Like so many nervous academics of our age, Jacoby provides a view compounded by urgent pollster data, alarming statistics and factoids heralding in the age of ignorance at the hands of the digital revolution. I prefer to point to the statistics of projects like Wikipedia, a volunteer-driven, non-profit endeavor whose unique article count, in over 150 active language projects, will soon eclipse 10 million. Millions of people use Wikipedia every day, maintaining its ranking as one of the 10 most popular websites in the world.
Furthermore, when WIND Research Institute made a comparison of German language Wikipedia to the traditionally leading German-language encyclopedia, Brockhaus, for Stern Magazine, it found that Wikipedia was of higher quality. On a scale where 1 is the best and 6 is the worst, Wikipedia's average rating was 1.7, while Brockhaus average rating was 2.7.
Jacoby's essay offers a number of interesting insights. But it also overlooks some real gems on the contemporary intellectual scene. A concern about whether young people are wasting their minds has been intermittently fashionable throughout history. We are now living in an era where something remarkable and transformative is taking place.
I speak from personal experience. Over the last year I've had the opportunity to speak to young people in Asia, South Africa, India, and Europe. Imagine someone from an alien civilization reading Jacoby's essay and forming an opinion of young people. And then imagine that alien peeking in on one of my public lectures at a high school or university. Who is this person getting the reception of a rock star? Is he a musician? Perhaps some crude comic? No, he's ... the founder of an ... encyclopedia?
High school and college students all over the world are absolutely fanatical about Wikipedia. On Facebook, Wikipedia-related fan groups number in the thousands; one boasts close to 150,000 members. There are dozens of Wikipedia-related applications. On YouTube, you can find thousands of student videos singing the praises of Wikipedia.

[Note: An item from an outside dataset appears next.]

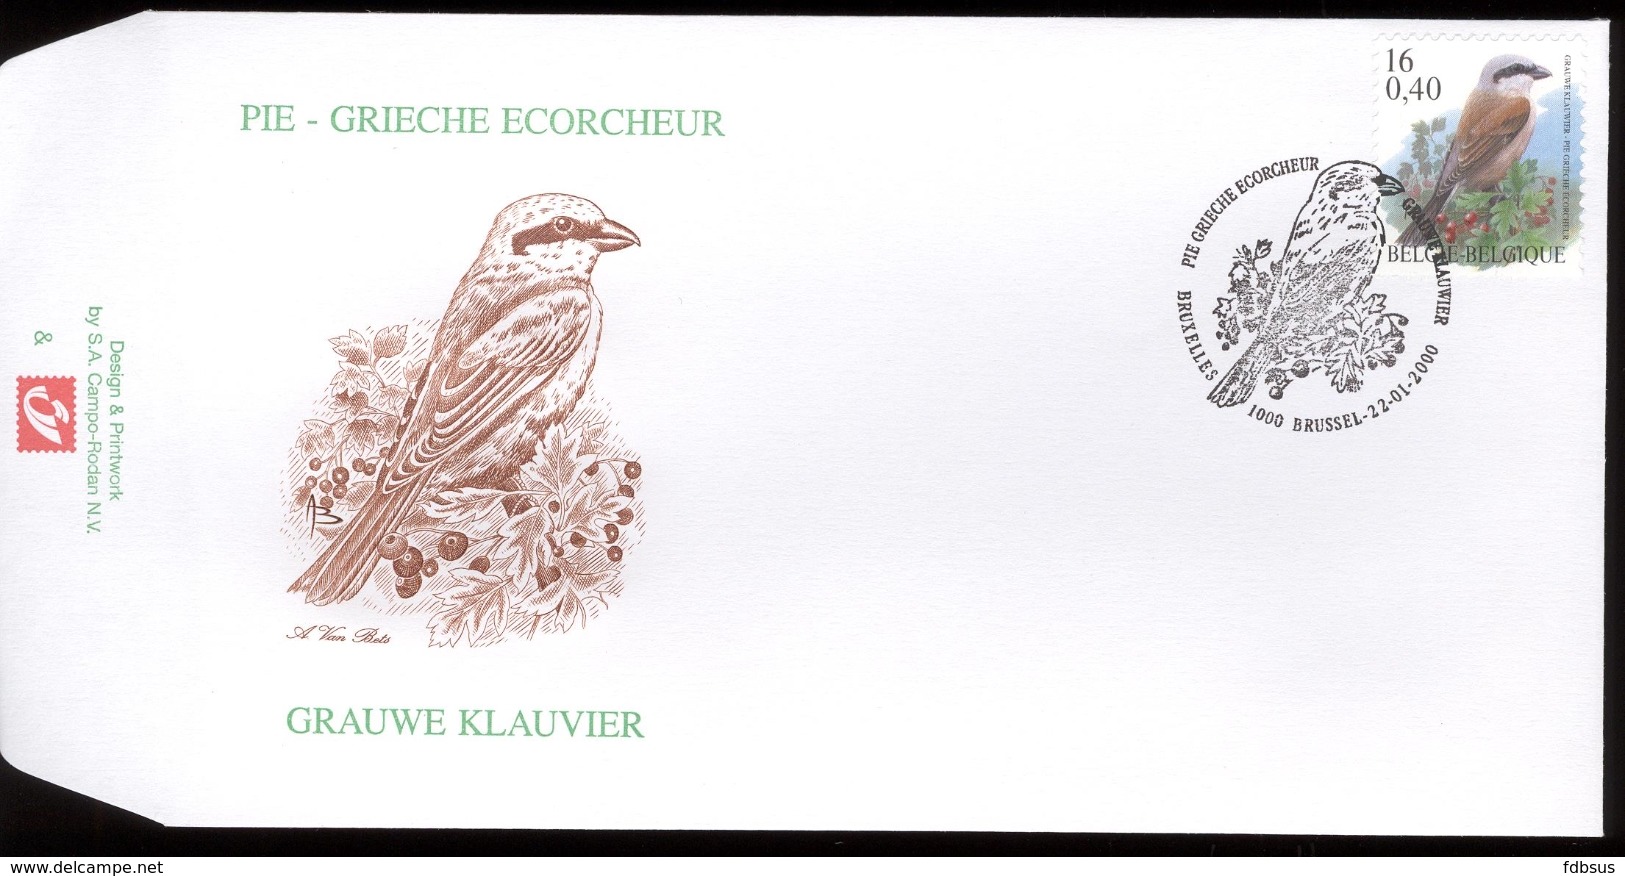 2000 - Fdc - Obp 2885 - Vogels Buzin Grauwe Klavier - Cote Euro 5,50 - 1991-2000

Students write to me in volumes I can only hope to respond to, reporting on their own personal experiences and breakthroughs. These are not people whose use of the Internet has resulted in an "inability to concentrate for long periods of time;" as Jacoby says. I hear from students who have spent hours reading and learning from Wikipedia entries just for the sake of general knowledge. Better still, I hear about collaborative campus parties devoted to making thousands of quality improvements to young articles in one night -- or uploading gigabytes of public domain source material.
What stereotype do these teenagers and 20-somethings fit into? What can we expect of this generation, devoted to sharing and improving the world's knowledge, decades from now?
If Jacoby contends that "video" is eroding our intellect, I encourage her to immerse herself in the story of Wikipedia. This is a place where today's youth, in phenomenal numbers, are helping professors and graduate students to build a repository of living knowledge from all corners of this planet. This is not a project for the next decade or the century. It is a project for all time.
I encourage Jacoby to consider the power of the global, knowledge-based digital enterprises of the 21st century. These are the forces that are redefining intellect, knowledge and literature. Instead of fearing the power, complexity and extraordinary potential of these new platforms, we should be asking how we can gain from their success.
Jimmy Wales is the founder of Wikipedia.